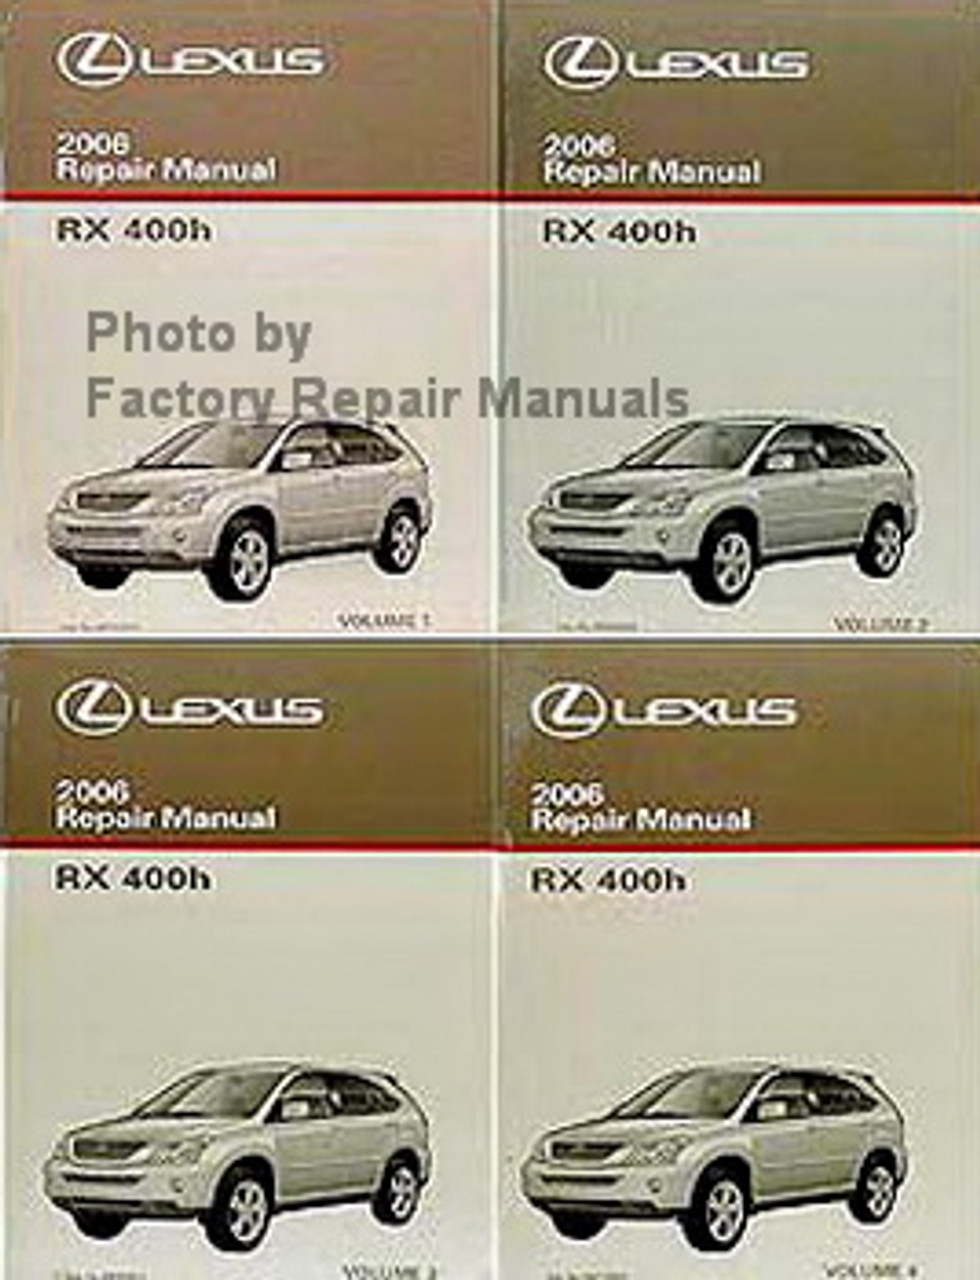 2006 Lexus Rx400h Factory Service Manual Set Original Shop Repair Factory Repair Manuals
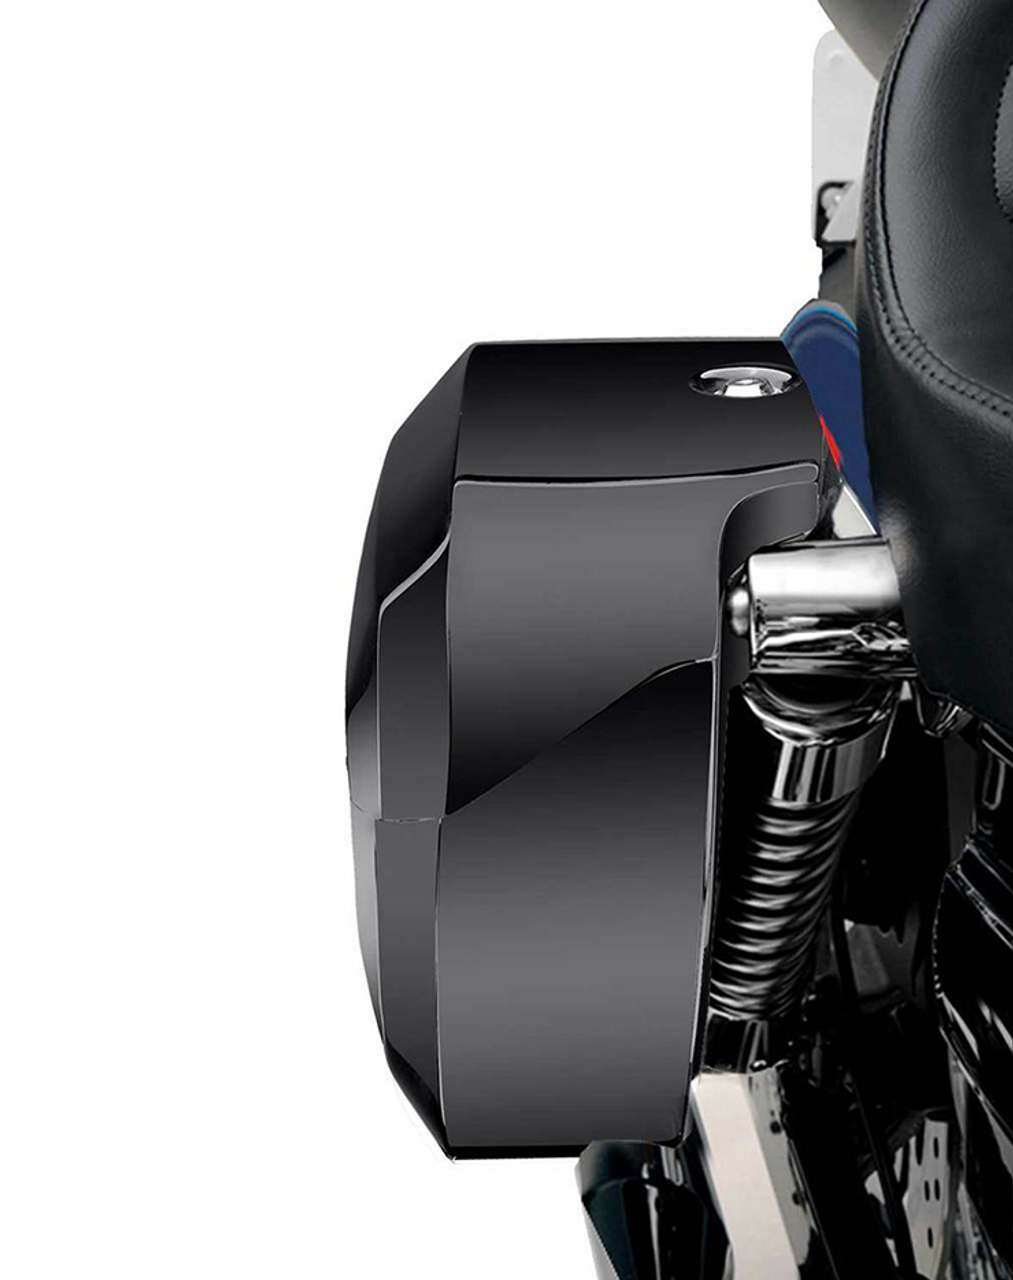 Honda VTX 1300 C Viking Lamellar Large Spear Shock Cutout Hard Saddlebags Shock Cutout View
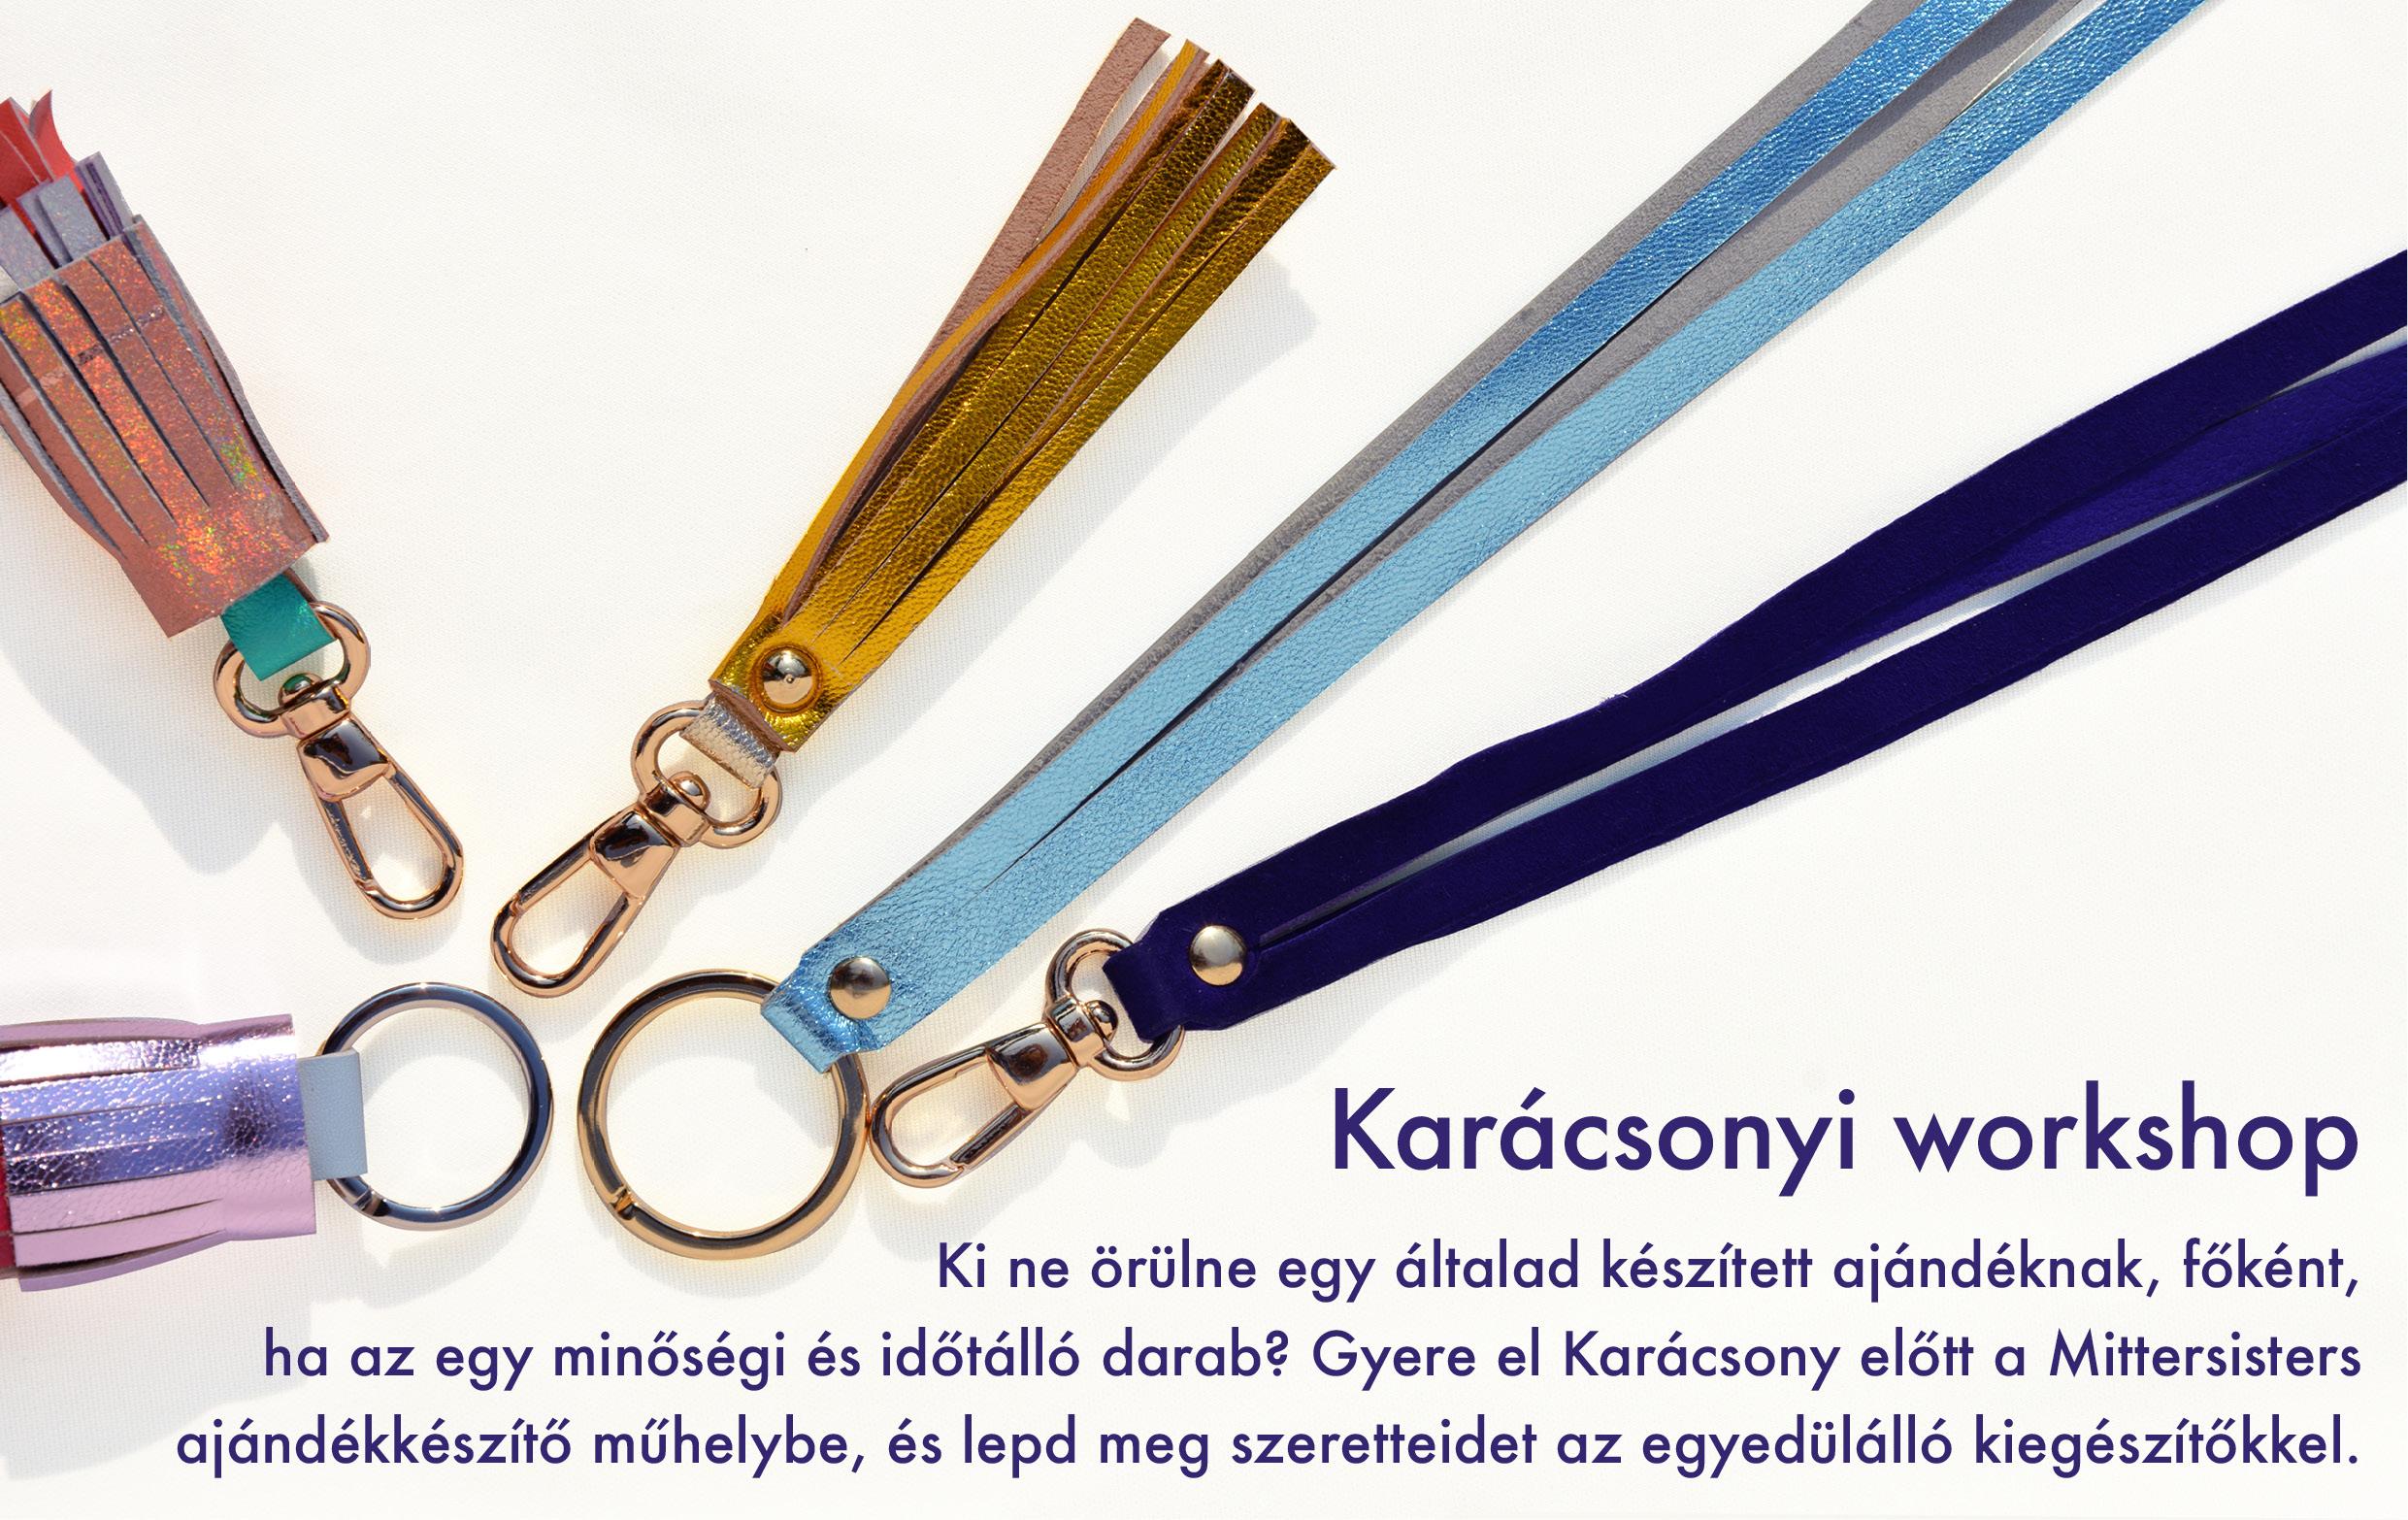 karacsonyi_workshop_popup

#### [What you should do]
Return the full listing exactly as written, without any of its images.

#### [Answer area]
 2006 Lexus Rx400h Factory Service Manual Set Original Shop Repair Factory Repair Manuals
 Honda VTX 1300 C Viking Lamellar Large Spear Shock Cutout Hard Saddlebags Shock Cutout View
 karacsonyi_workshop_popup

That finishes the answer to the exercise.